2. FlashAttention-2: Algorithmic Improvements
2.1 FlashAttention-1 Recap
FlashAttention-1 introduced tiling and recomputation to avoid materializing the n×n attention matrix S = QK^T in HBM:
- Outer loop: iterate over Q blocks
- Inner loop: iterate over K,V blocks
- Online softmax: maintain running m (max) and ℓ (sum) to compute correct softmax incrementally
Limitation: The algorithm is sequential in the outer loop (Q blocks), which underutilizes GPU parallelism. Also, the causal mask variant does unnecessary computation on masked entries.
2.2 FlashAttention-2 Key Changes
Change 1: Switch loop order — parallelize over Q blocks
FA2 puts the Q block loop on the parallel dimension (thread blocks), eliminating the sequential bottleneck:
// Each thread block handles one Q block in parallel
For thread_block t (handles Q_block_t):
Load Q_block_t into SRAM
For each K,V block:
Load K_block, V_block
Compute S = Q_block_t · K_block^T / √d
Apply softmax incrementally
Accumulate output
Write O_block_t to HBM
This exposes parallelism across the sequence length dimension.
Change 2: Reduce non-matmul FLOPs
FA1 performed rescaling at every inner loop step (expensive divisions and exponentials). FA2 restructures the computation to minimize these:
Instead of rescaling at every inner step, FA2 postpones the division until the final write:
$O_accumulator += exp(S - m_new) · V ℓ_accumulator += exp(S - m_new) // ... at the end: O_final = O_accumulator / ℓ_accumulator $
Change 3: Causal attention optimization
For causal masking (lower triangular), roughly half the S entries are −∞. FA2 skips these entirely by only iterating K,V blocks up to the current Q position:
$For Q_block at position t:
For K,V blocks only up to position t:
Compute attention
// Skip blocks beyond t (they'd be entirely masked)
$
This gives ~2× speedup for causal attention over the full bidirectional FA2.
2.3 FlashAttention-3
FA3 targets Hopper architecture (H100) features: asynchronous execution (warp specialization) and TMA (Tensor Memory Accelerator) for hardware-accelerated data movement. Key innovation: overlap computation of one tile with data loading of the next tile (software pipelining).
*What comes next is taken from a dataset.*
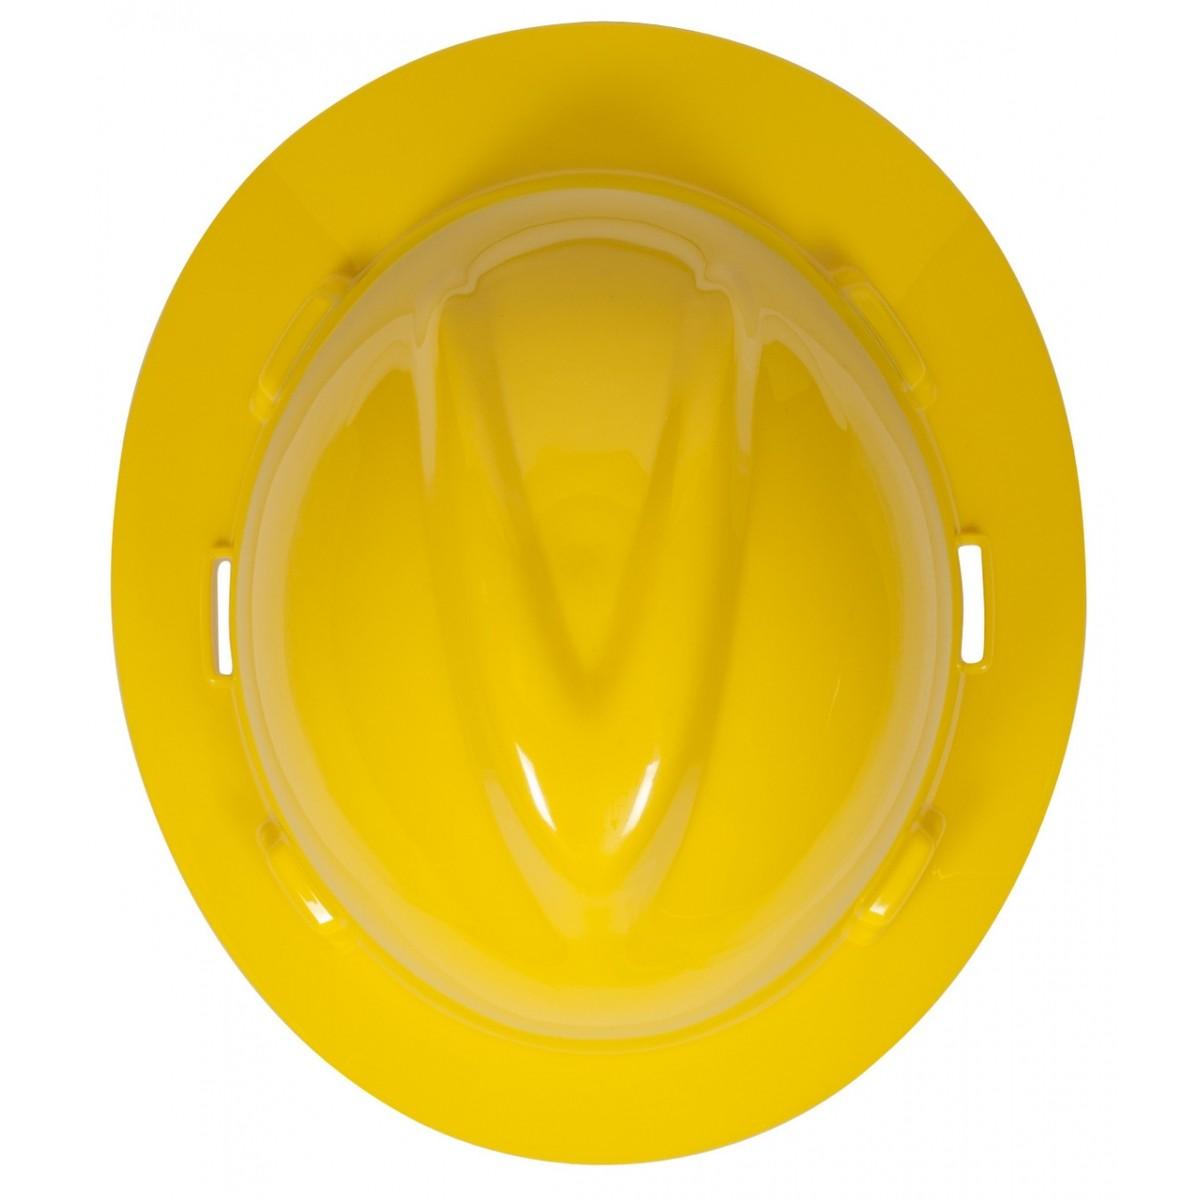 ef766c793f233 Capacete de Segurança V-Gard® Aba Total - MSA - NormasBR EPI s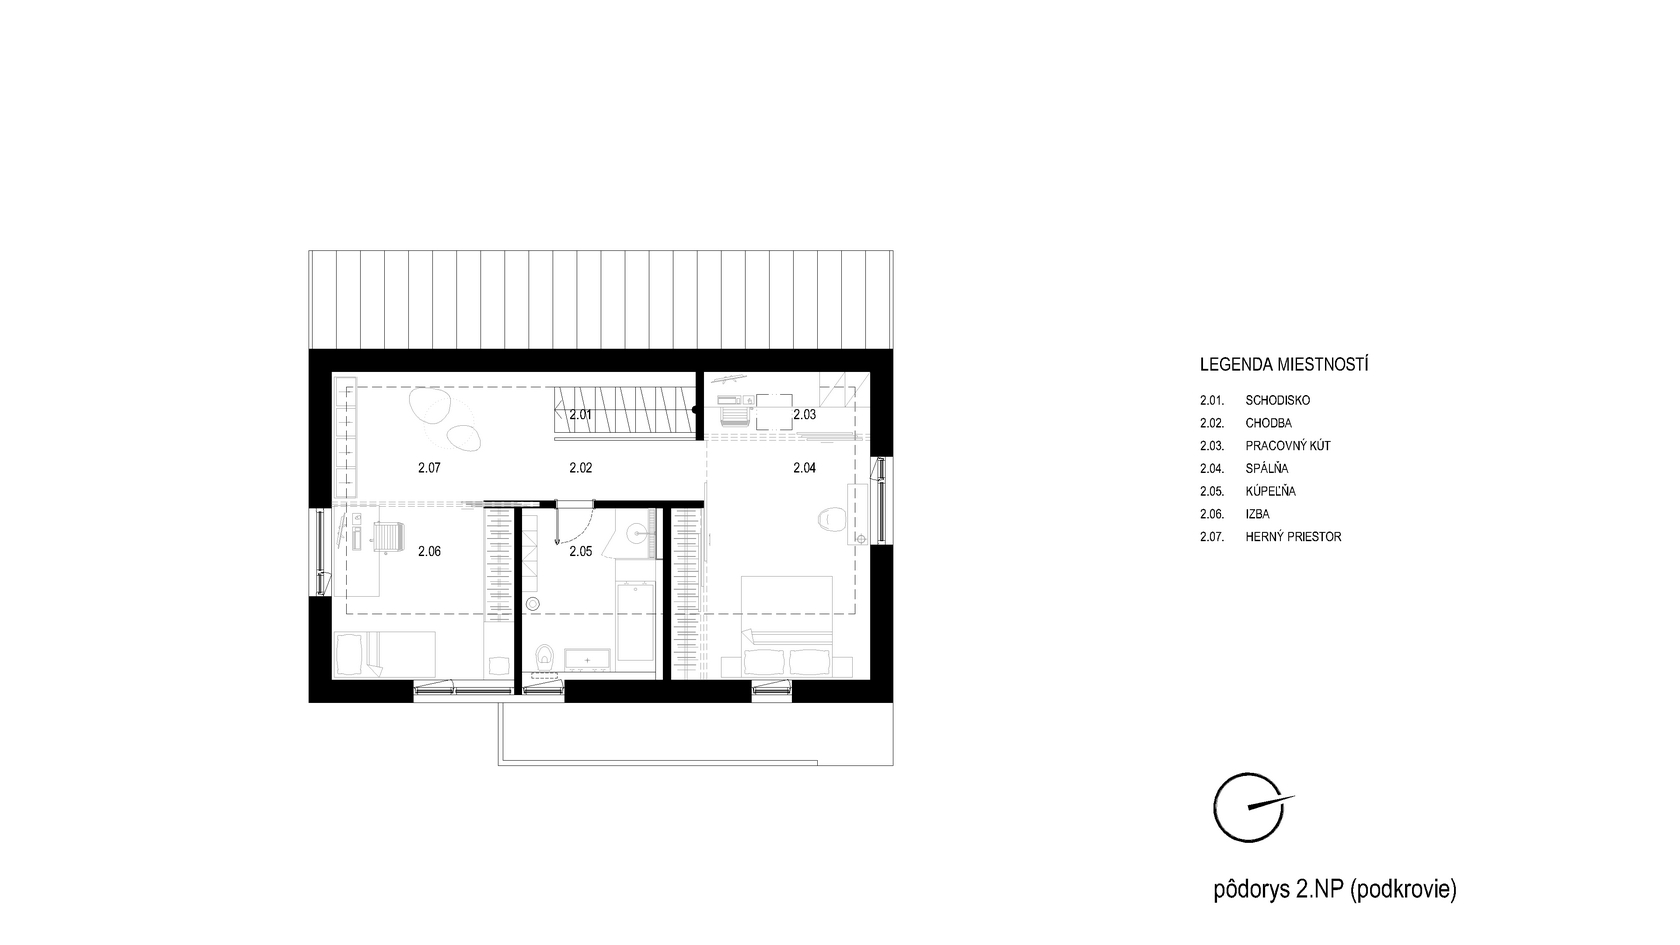 rodinny-dom-rekonstrukcia-horne-prsany-podorys-podkrovie-od-architekta-moderny-dizajn-archilab

3. Ring Attention: Distributed Long-Context
3.1 The Problem
Standard attention requires the full K and V on each device. For D devices with sequence length n, the naive approach is: - Each device stores all K,V (total O(n) per device) — possible if n fits in memory - But for very long contexts (n > 1M), even per-device O(n) is too large
3.2 Ring Attention Algorithm
Devices are arranged in a logical ring. The sequence is split into D chunks, one per device:
$Device i initially holds: Q_i, K_i, V_i (chunk of length n/D)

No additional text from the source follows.